Successful scientists have a vested interest in the current system. The notion that publication itself serves as a trusted “stamp of quality” is deeply ingrained, and scientists adhere instinctively to a more or less agreed-upon hierarchy of journals for judgment, reading preferences, and evaluations. As authors, they chose journals based on prestige and quality but are shielded from associated publishing costs because their libraries pay for subscription licenses. As peer reviewers, they provide critical and time-consuming services and, in exchange, gain privileged access both to unpublished work and to the “right” editors. Scientists may also interpret a call for change as an implicit criticism that they don’t execute their role well enough despite investing significant effort. It is easy to blame individuals, like editors or the “third reviewer,” for mistakes in publishing decisions. But the problems we describe here are systemic and not resolved by tackling individual misjudgments that will always be part of scientific evaluations.
Over time, however, we believe that the scientific community will come to support a progressive open publishing model that accelerates discovery and empowers scientists. Authors would spend less time and resources on getting their work published, and peer reviewers might need to review less often. Even post-publication curation could turn out to be effort neutral if it grows at the expense of pre-publication curation. To move forward, we encourage the community to push for progress on core issues such as the following.
How can we optimize the structure of peer review and the selection of peer reviewers for platform publishing? How do we determine what level of peer review an article needs in the first place—none, basic, premium? How can the peer review reports be structured—with scores and short statements of key features—to contribute most effectively to subsequent post-publication curation and badges?
How do we set up an infrastructure and culture for post-publication curation? How do we decide on suitable categories for selection? How should we identify work that didn’t stand the test of time?
Finally, what business models are best suited to support sharing of primary research articles on platforms and post-publication curation?
Publishers, scientific societies, academic institutions and their libraries, and funders can play critical roles in addressing these issues. Publishers can experiment with publishing platforms. Scientific societies can use the expertise of their members to orchestrate fee-for-service peer review on publishing platforms and subscription-based curation services. Libraries may be able to support curation journals when publication of primary research articles shifts towards cheaper publishing platforms, liberating funds that are currently spent on traditional subscription journals.
Research funders are uniquely positioned to promote change because we sit at the nexus of two interconnected functions—the sharing of research outputs and the evaluation of scientists. Many funders see it as our responsibility to support practices that disseminate research outputs openly and efficiently and evaluate scientists’ work based on intrinsic merit.
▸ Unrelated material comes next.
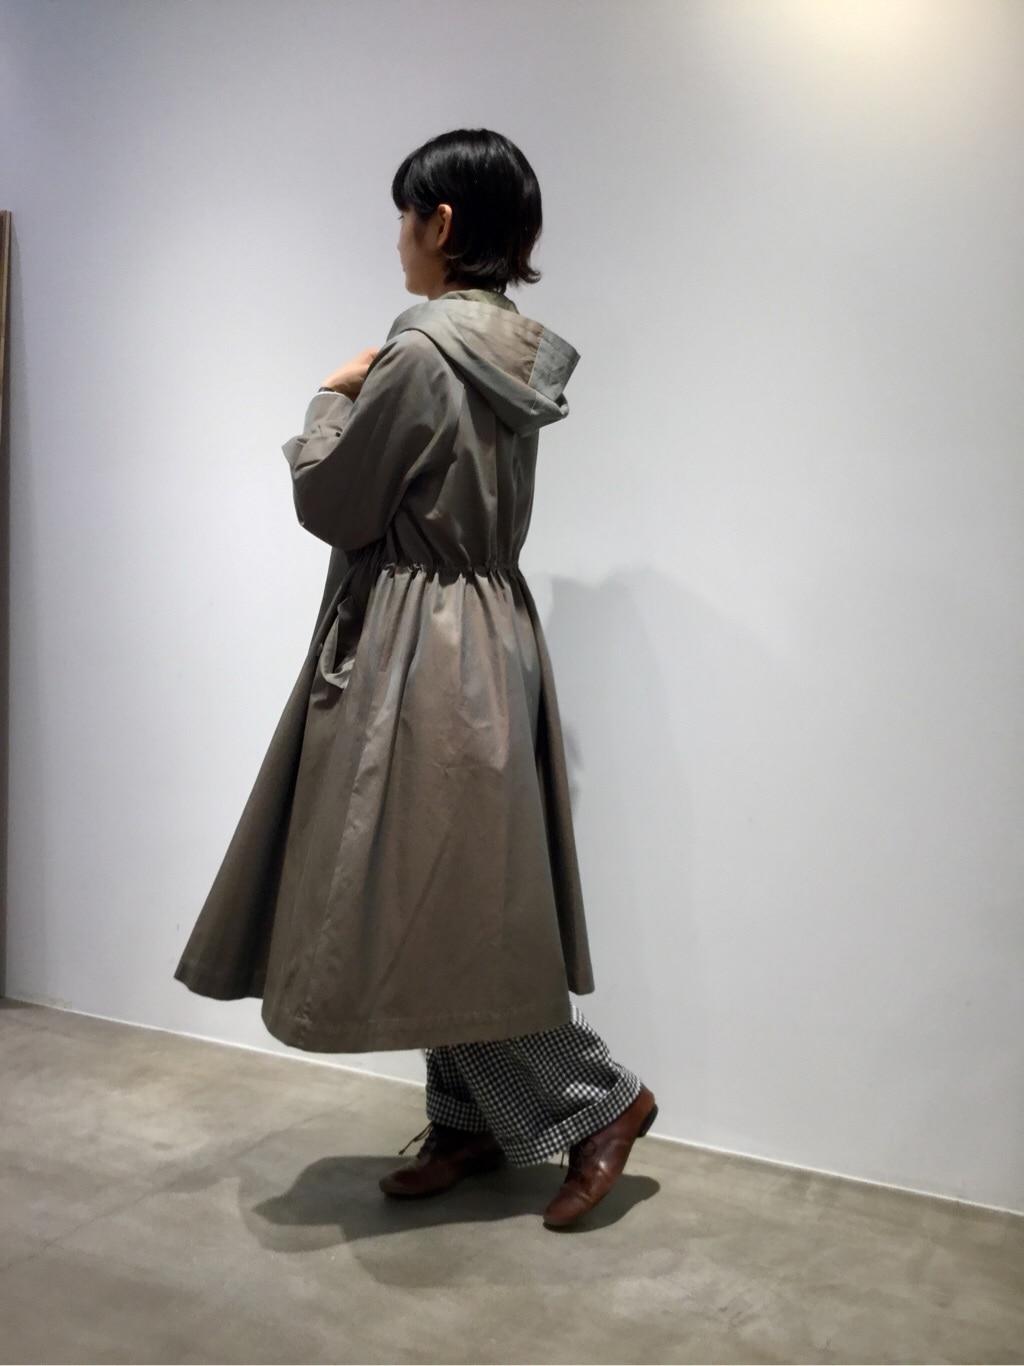 yuni / bulle de savon 京都路面 身長:159cm 2020.09.17

The evaluation of scientists in academia places heavy emphasis on where and how much they publish, rather than what they publish. If these incentives don’t change, scientists will continue to publish in a manner that perpetuates the current problems. Changes in academic incentives cannot come from publishers. Funders and academic institutions need to commit to evaluate science and scientists independent of the publication venue [1]. Developing and sharing principles on how to evaluate scientists and learning from each other how to implement them will set us on a path to better incentives and rewards for rigorous and enduring research. One example of work in this area is the Open Research Funders Group, a community of practice.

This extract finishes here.